--- TASK OBJECTIVE ---
Print the line containing "Cinderella Castle Desktop" and every later line of the records. Keep each one exactly as given, ending with the last.

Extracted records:
┄┄┄┄┄┄┄┄┄┄
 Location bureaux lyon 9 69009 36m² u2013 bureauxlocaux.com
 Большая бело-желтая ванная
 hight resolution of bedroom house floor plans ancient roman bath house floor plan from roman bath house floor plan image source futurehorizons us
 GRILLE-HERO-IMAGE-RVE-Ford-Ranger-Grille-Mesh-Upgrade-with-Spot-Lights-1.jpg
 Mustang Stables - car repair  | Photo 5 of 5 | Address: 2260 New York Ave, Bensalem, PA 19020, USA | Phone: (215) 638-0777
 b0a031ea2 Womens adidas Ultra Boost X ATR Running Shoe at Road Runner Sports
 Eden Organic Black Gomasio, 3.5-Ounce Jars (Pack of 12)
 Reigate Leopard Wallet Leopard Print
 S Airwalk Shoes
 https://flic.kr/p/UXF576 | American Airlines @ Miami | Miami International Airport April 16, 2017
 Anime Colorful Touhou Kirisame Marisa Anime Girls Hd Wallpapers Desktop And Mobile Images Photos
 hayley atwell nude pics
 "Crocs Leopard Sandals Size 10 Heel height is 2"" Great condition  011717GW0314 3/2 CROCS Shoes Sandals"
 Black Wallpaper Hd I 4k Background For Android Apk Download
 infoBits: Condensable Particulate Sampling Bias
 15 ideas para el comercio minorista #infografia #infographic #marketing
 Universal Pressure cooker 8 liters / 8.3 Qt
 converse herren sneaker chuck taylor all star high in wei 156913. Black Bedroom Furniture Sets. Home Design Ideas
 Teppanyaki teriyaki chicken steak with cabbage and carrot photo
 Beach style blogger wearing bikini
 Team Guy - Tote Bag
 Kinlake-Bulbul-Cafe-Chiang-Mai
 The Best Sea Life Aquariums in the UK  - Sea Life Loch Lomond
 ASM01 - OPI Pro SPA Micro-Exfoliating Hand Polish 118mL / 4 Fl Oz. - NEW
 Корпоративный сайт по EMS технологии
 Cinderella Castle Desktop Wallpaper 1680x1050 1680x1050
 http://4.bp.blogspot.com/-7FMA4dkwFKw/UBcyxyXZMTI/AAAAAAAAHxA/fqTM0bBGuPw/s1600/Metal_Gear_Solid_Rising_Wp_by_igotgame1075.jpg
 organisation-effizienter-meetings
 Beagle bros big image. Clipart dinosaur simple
┄┄┄┄┄┄┄┄┄┄
--- TASK OUTPUT ---
 Cinderella Castle Desktop Wallpaper 1680x1050 1680x1050
 http://4.bp.blogspot.com/-7FMA4dkwFKw/UBcyxyXZMTI/AAAAAAAAHxA/fqTM0bBGuPw/s1600/Metal_Gear_Solid_Rising_Wp_by_igotgame1075.jpg
 organisation-effizienter-meetings
 Beagle bros big image. Clipart dinosaur simple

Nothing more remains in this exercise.